PROBLEM STATEMENT: Word for word, copy all the data and drop the pictures.

INFORMATION SHOWN:
......
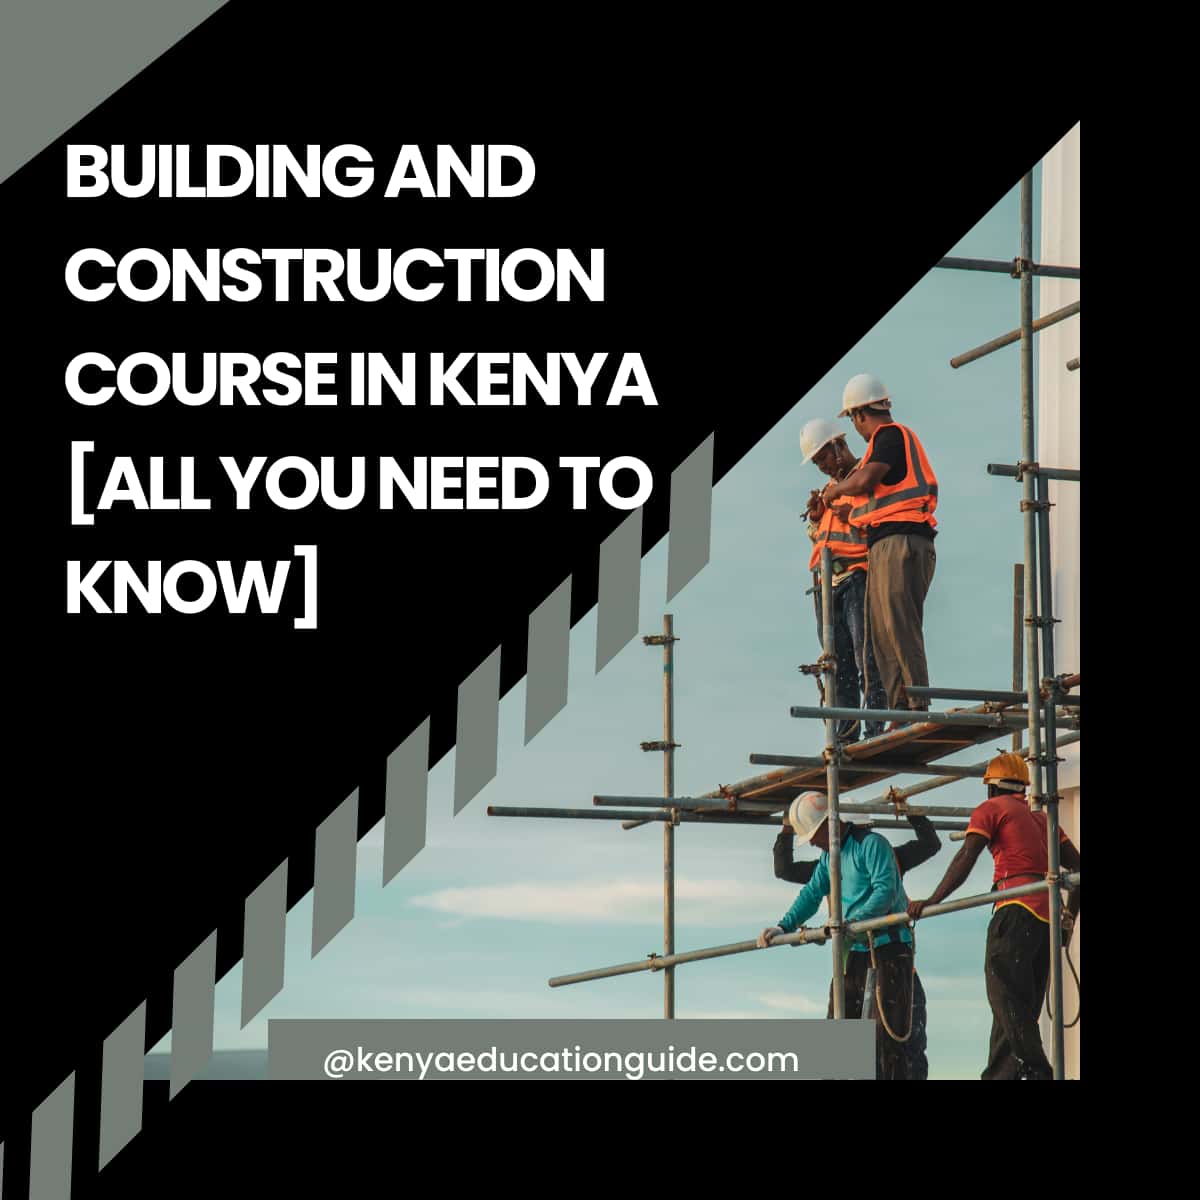 Building and Construction Course in Kenya
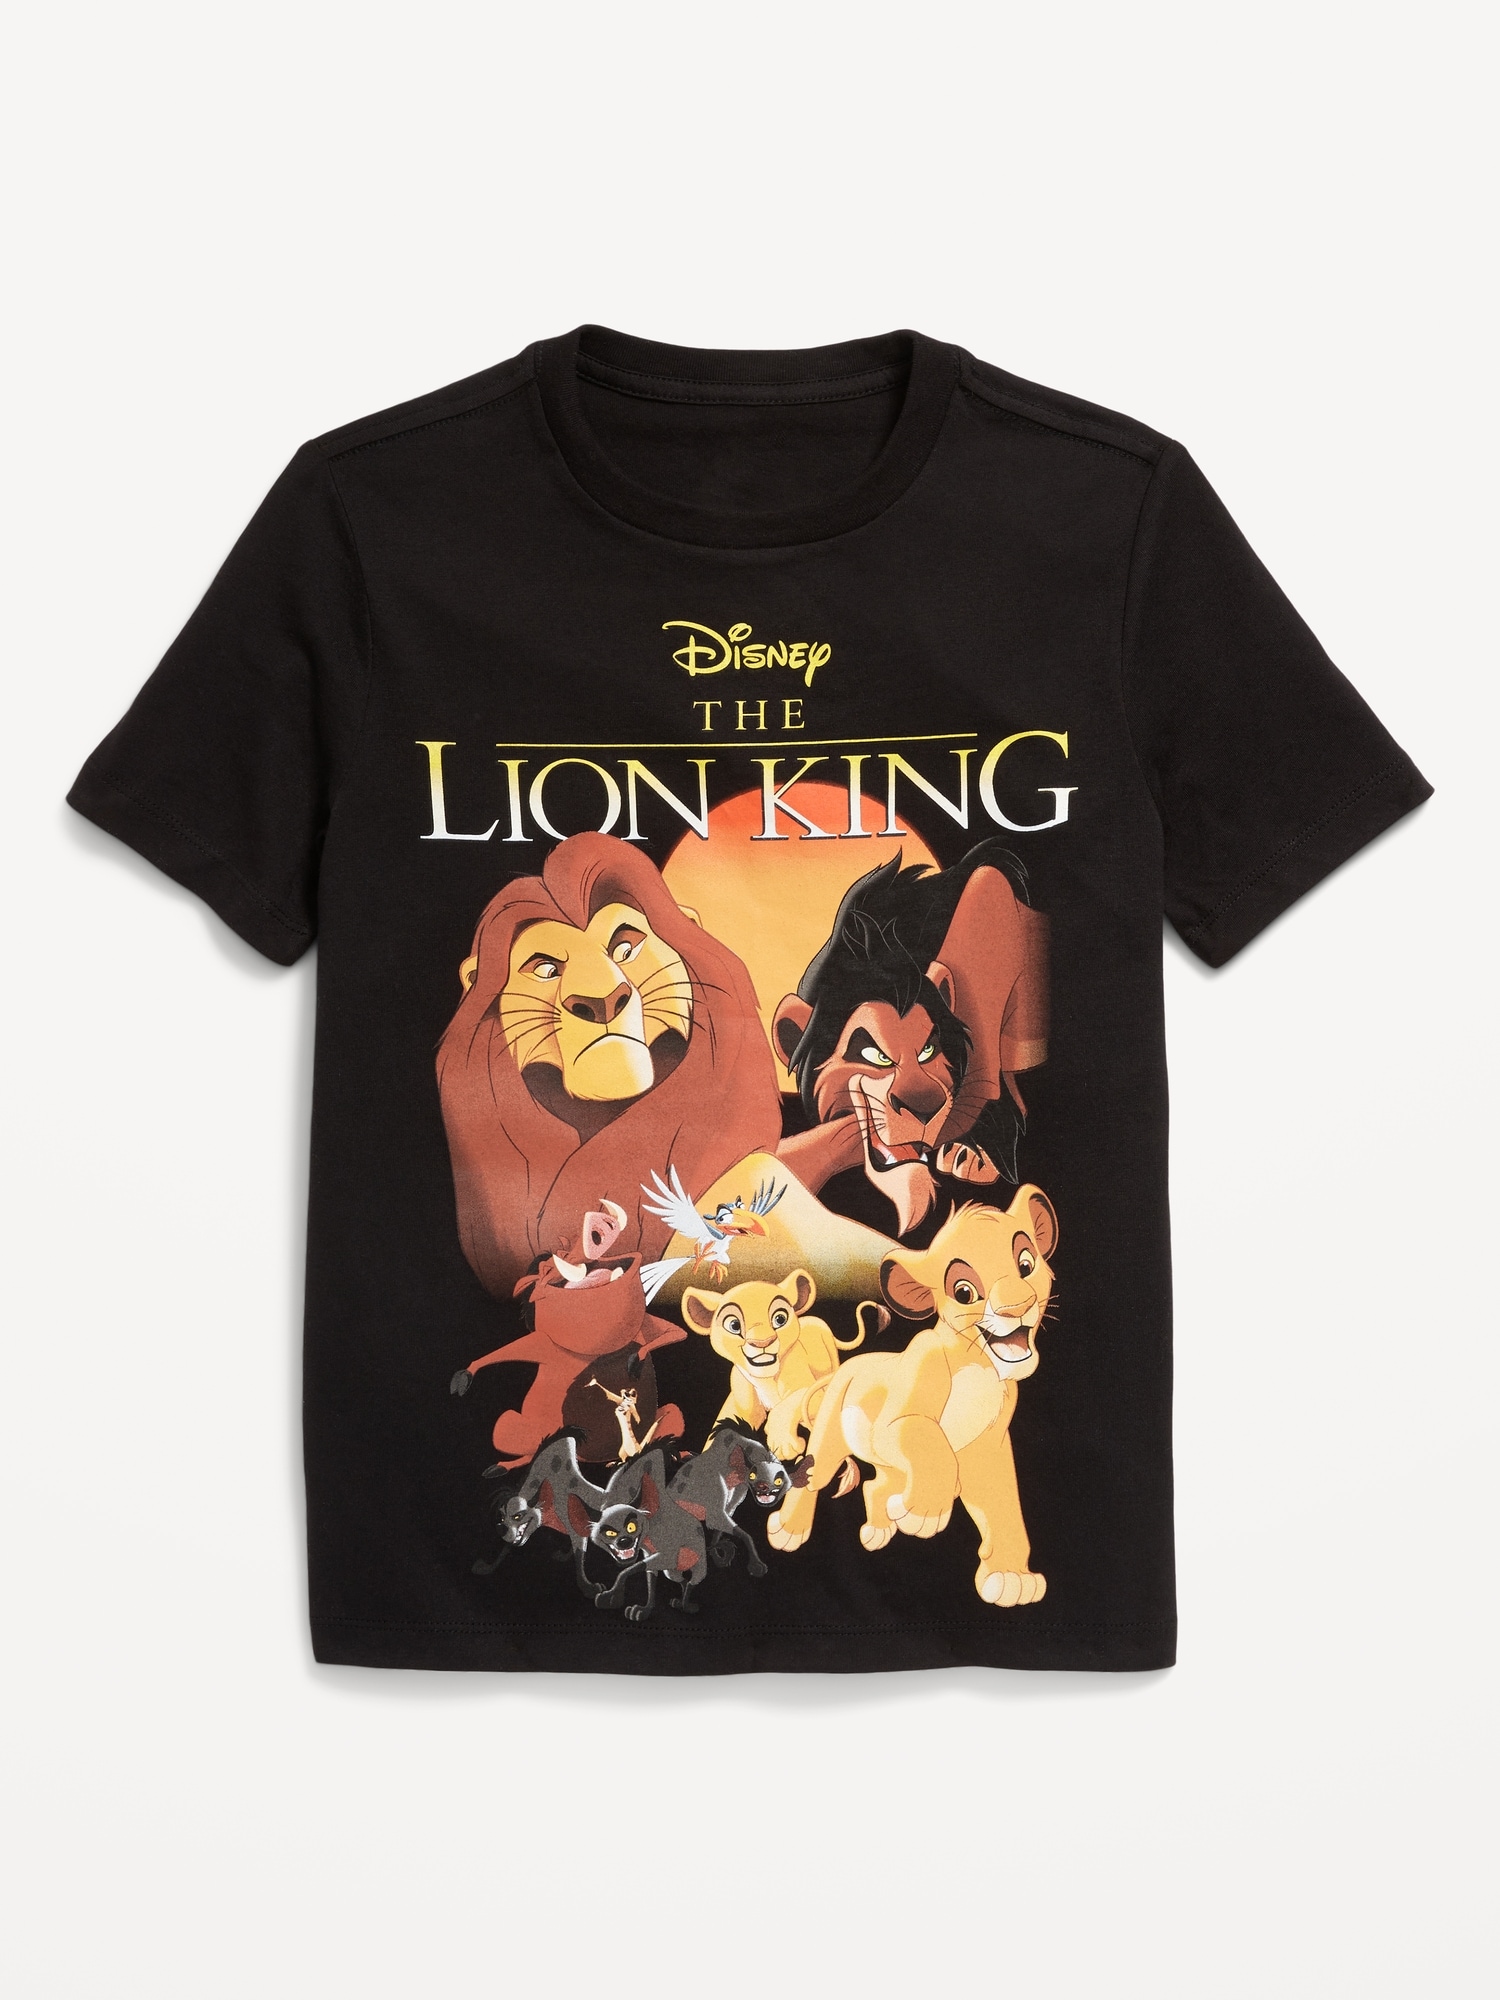 Disney The Lion King Gender-Neutral Graphic T-Shirt for Kids
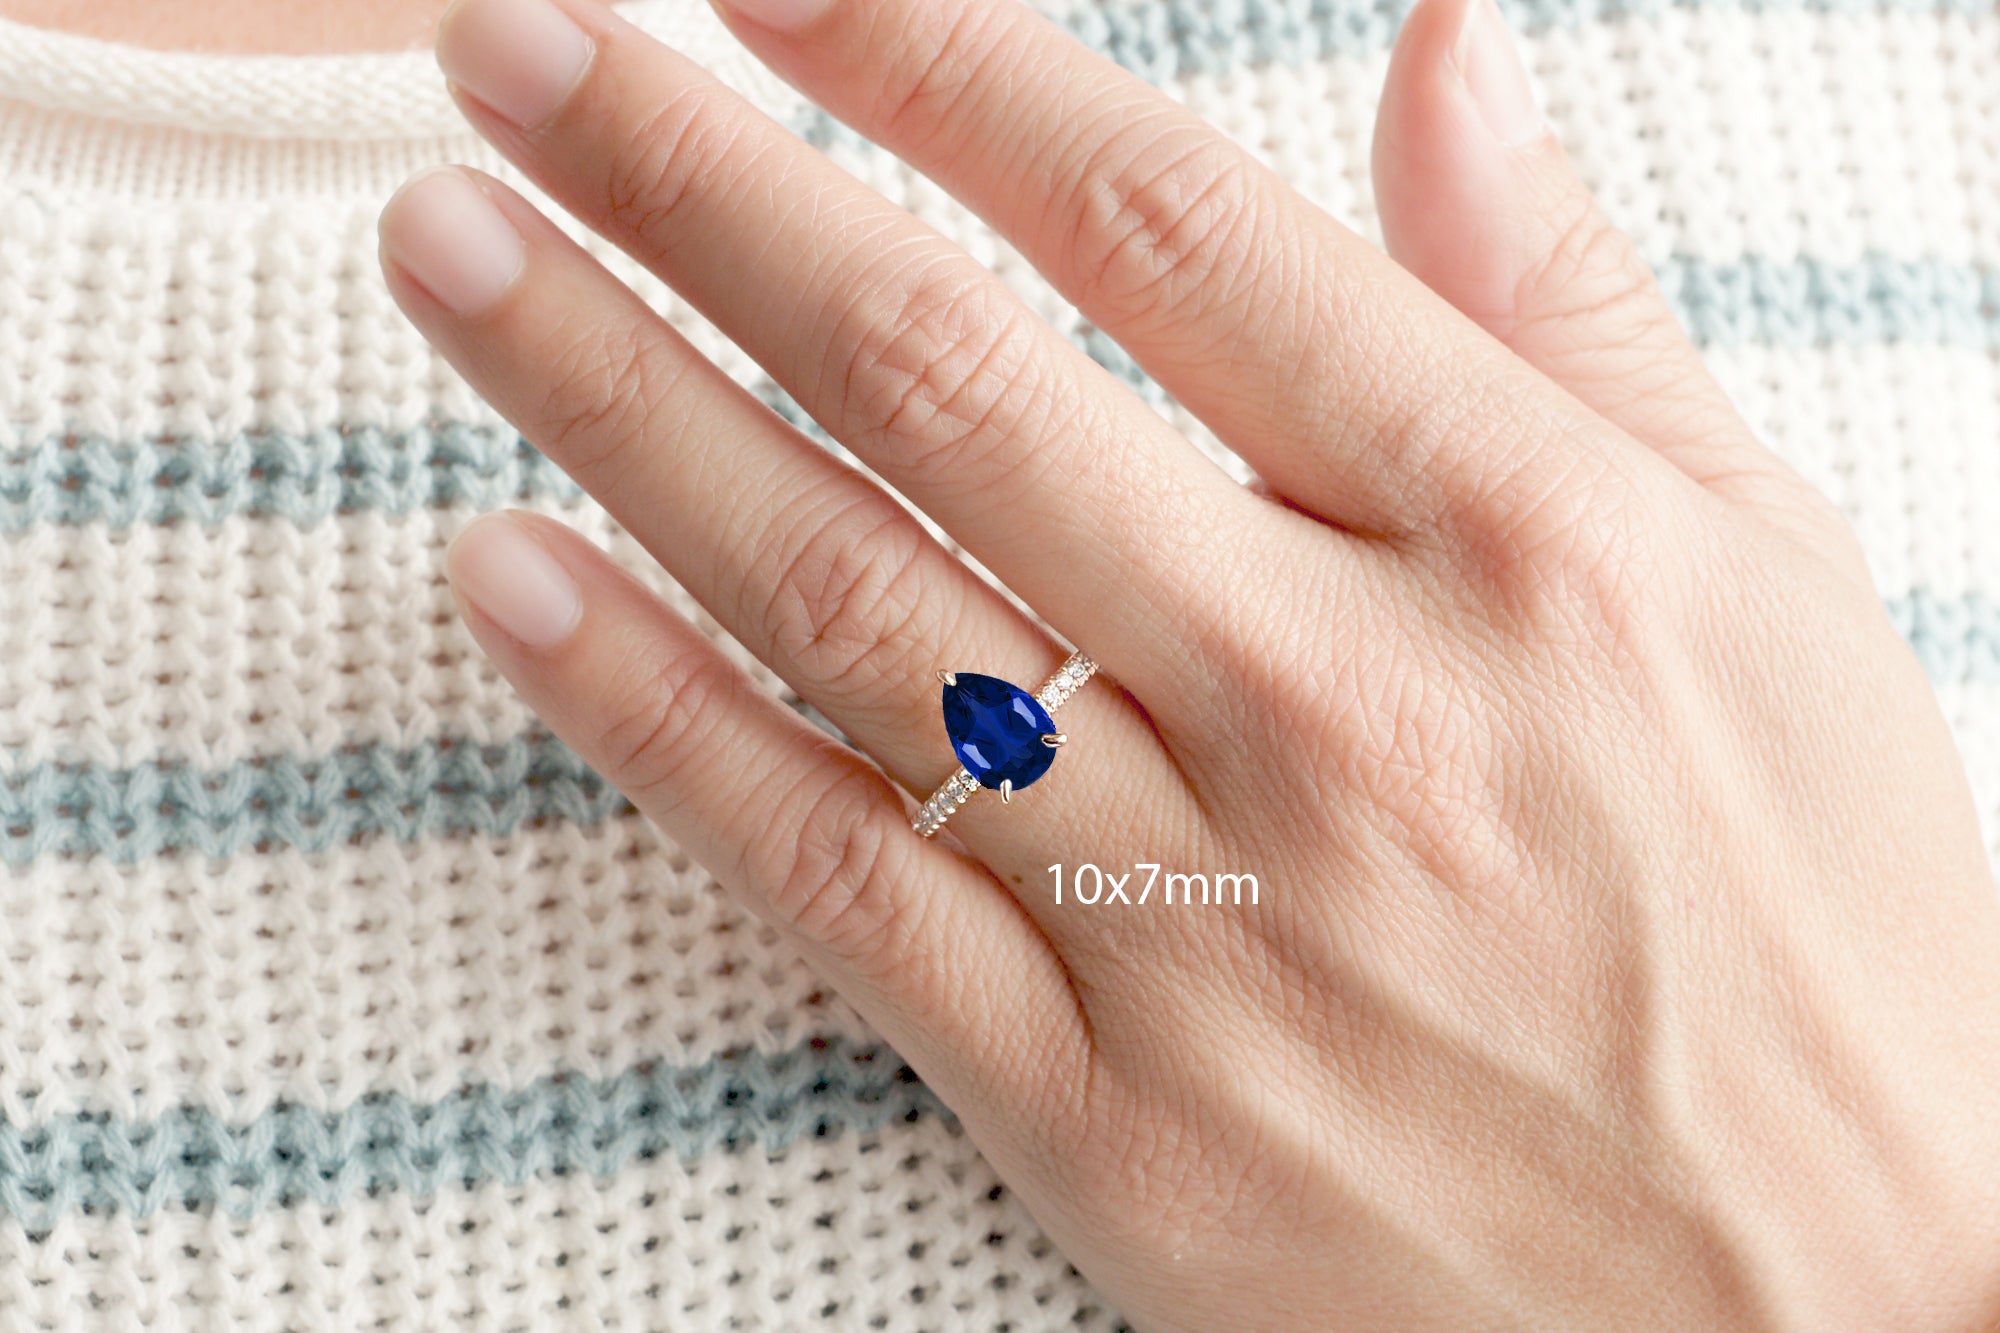 The Ava Pear Sapphire Ring (Lab-Grown)
......
SOLUTION:
 Building and Construction Course in Kenya
 Disney The Lion King Gender-Neutral Graphic T-Shirt for Kids
 The Ava Pear Sapphire Ring (Lab-Grown)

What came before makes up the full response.